*Information shown*:
┄┄┄┄┄┄┄┄┄┄┄┄┄┄┄┄┄┄┄┄
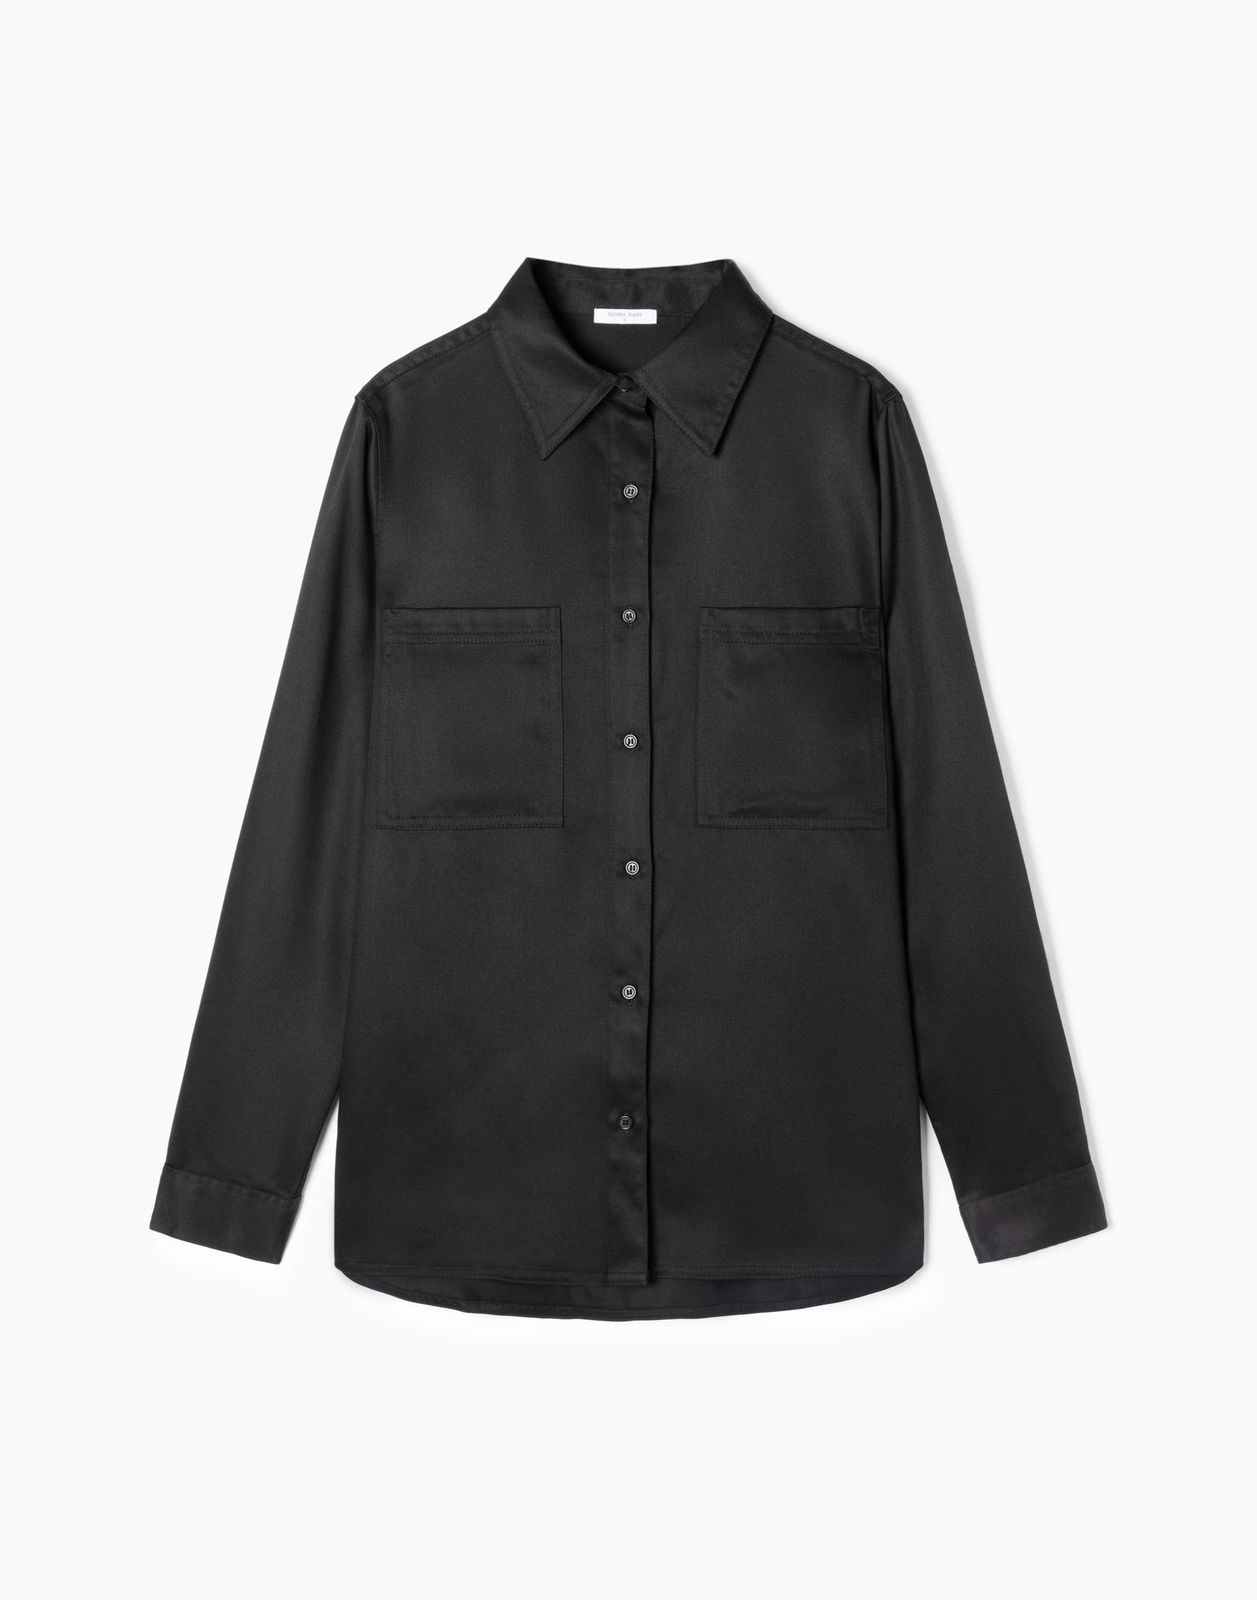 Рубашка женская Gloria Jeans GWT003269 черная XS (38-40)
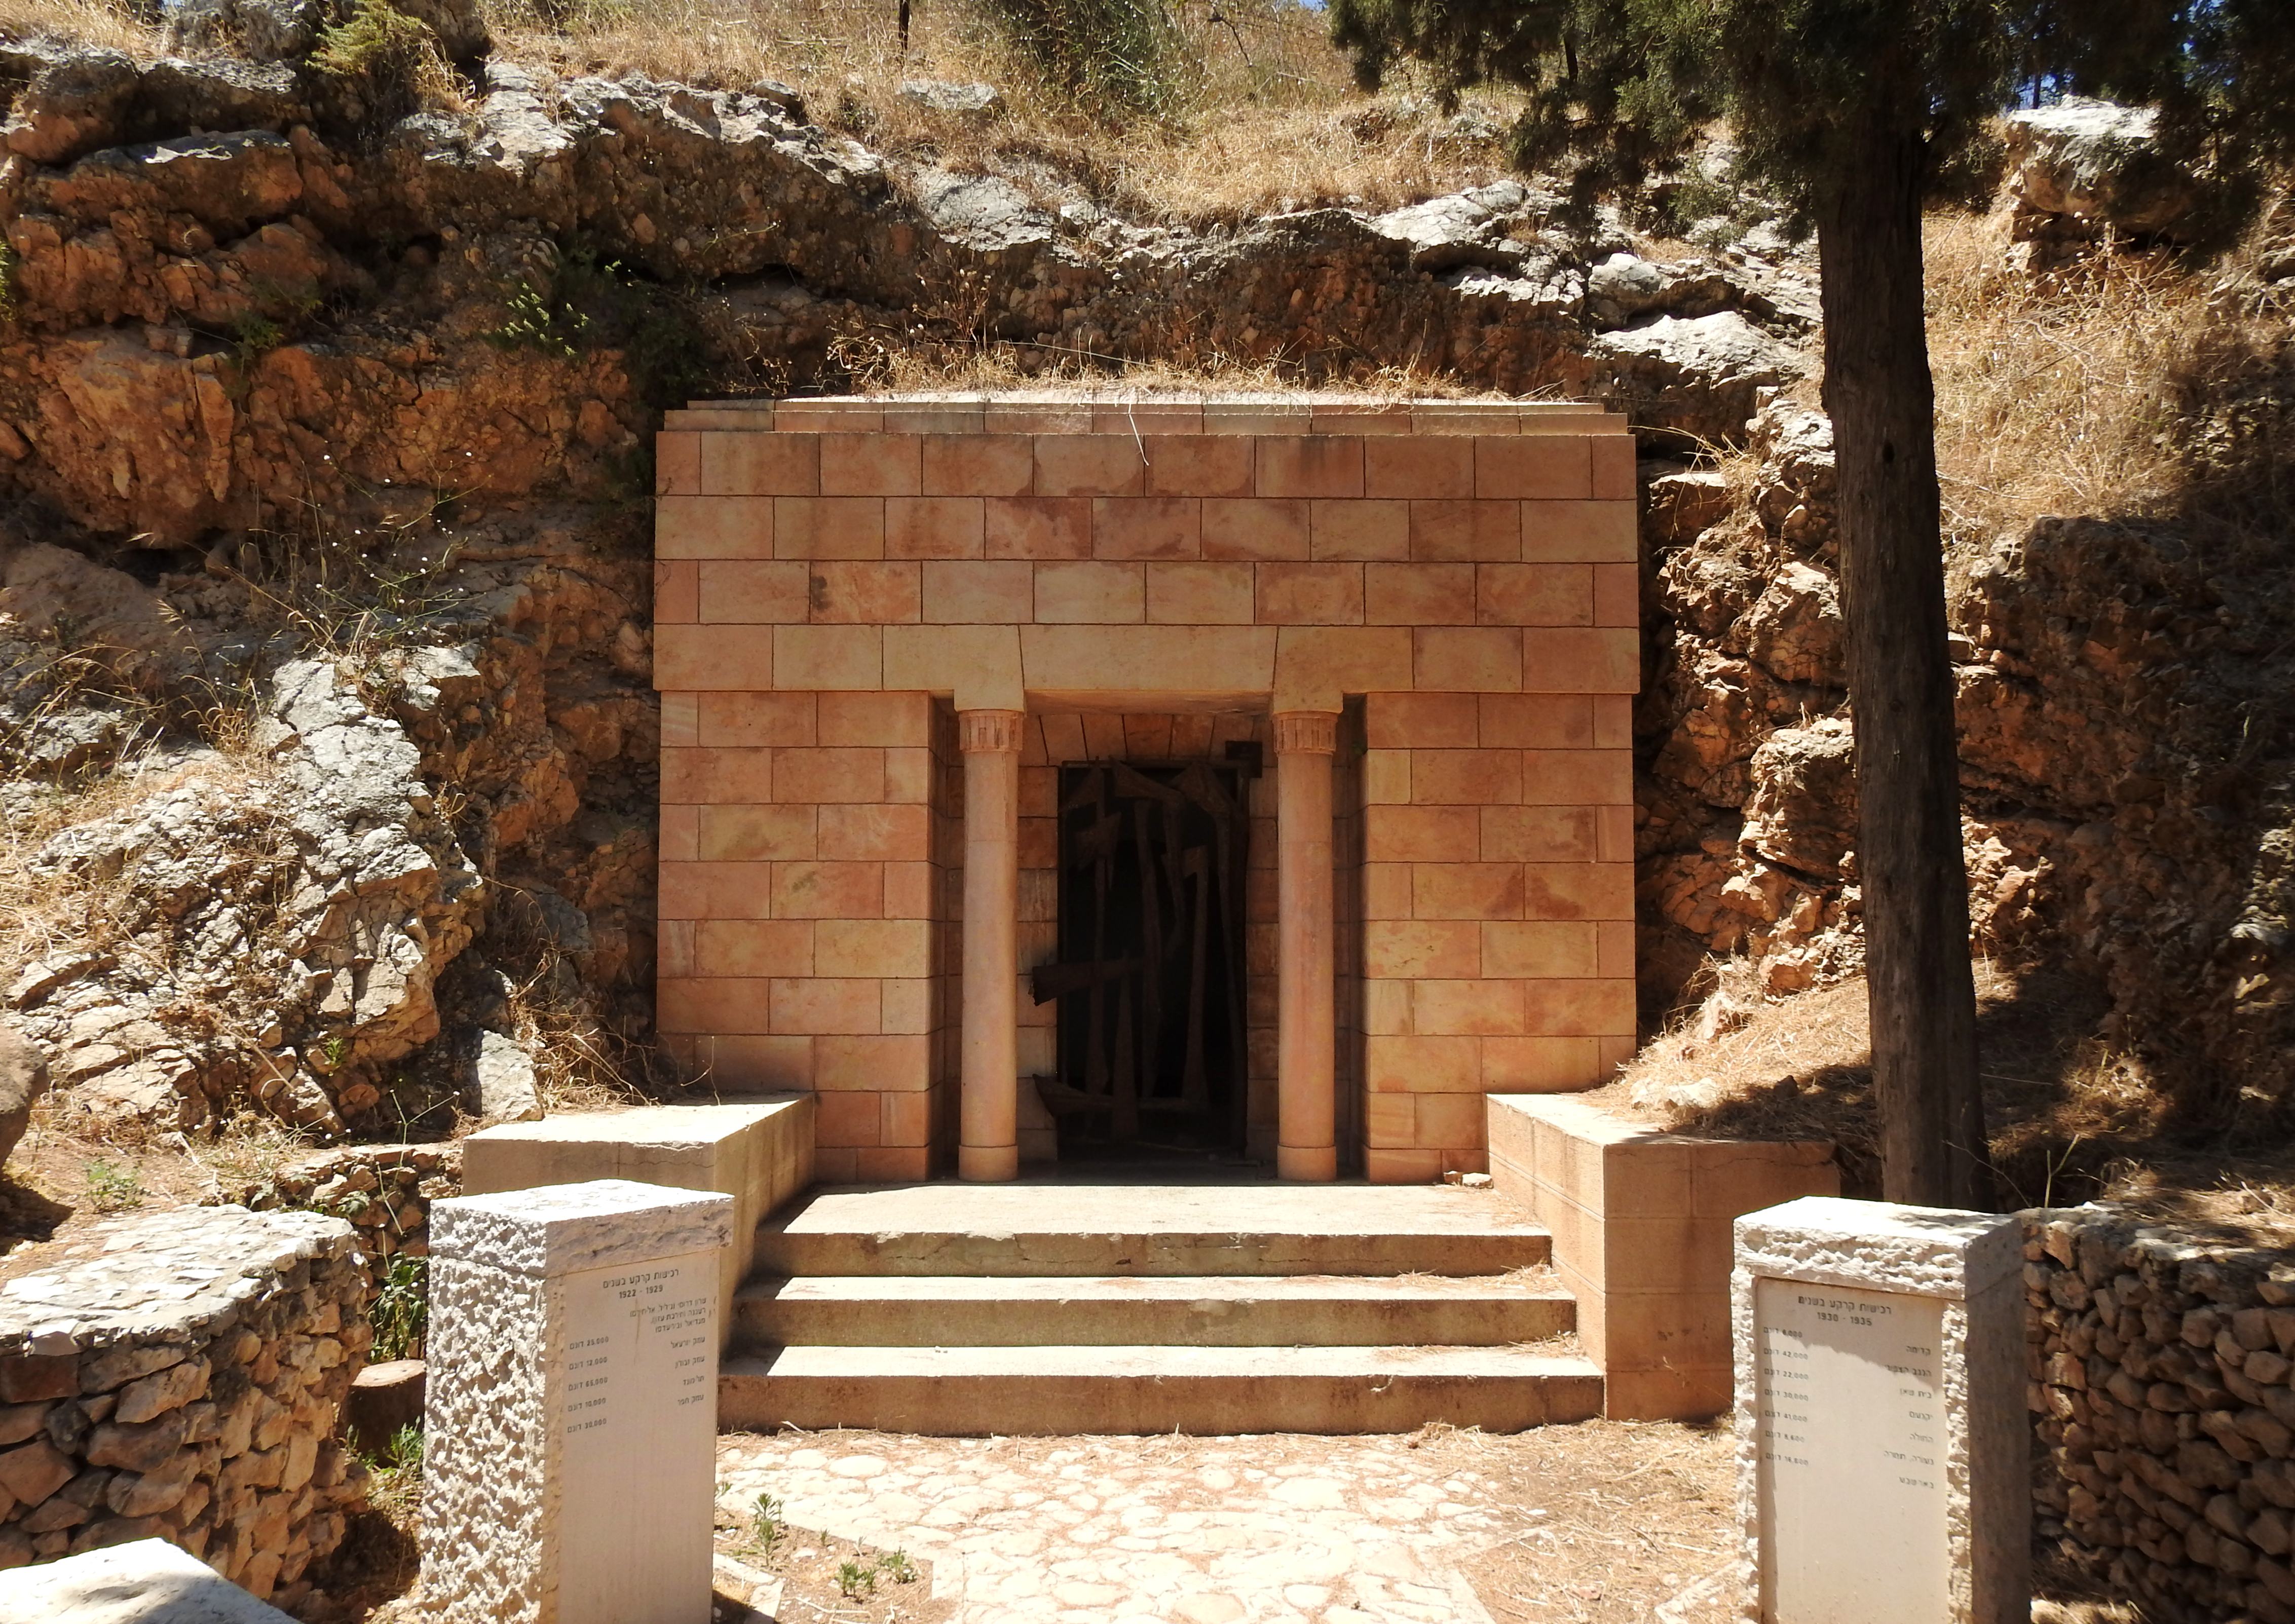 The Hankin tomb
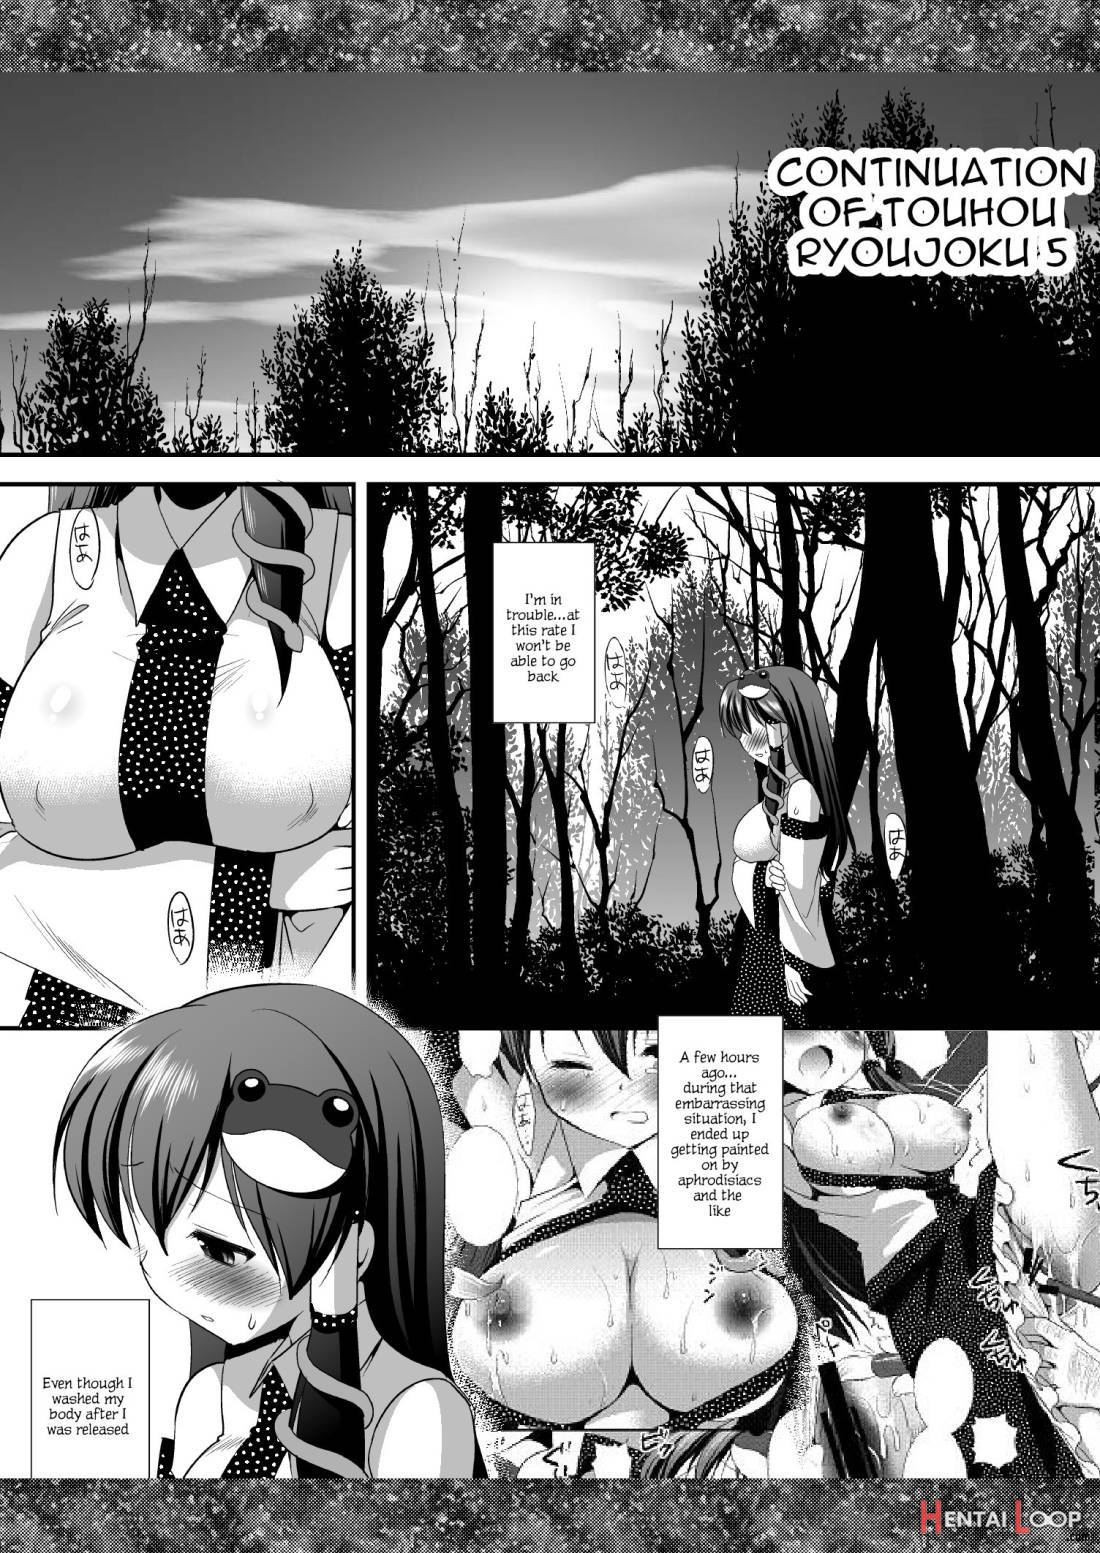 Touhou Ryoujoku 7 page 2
┄┄┄┄┄┄┄┄┄┄┄┄┄┄┄┄┄┄┄┄
*Work order*: In your reply, every line of the material should appear exactly as written, and no picture should.

*Result of the task*:
 Рубашка женская Gloria Jeans GWT003269 черная XS (38-40)
 The Hankin tomb
 Touhou Ryoujoku 7 page 2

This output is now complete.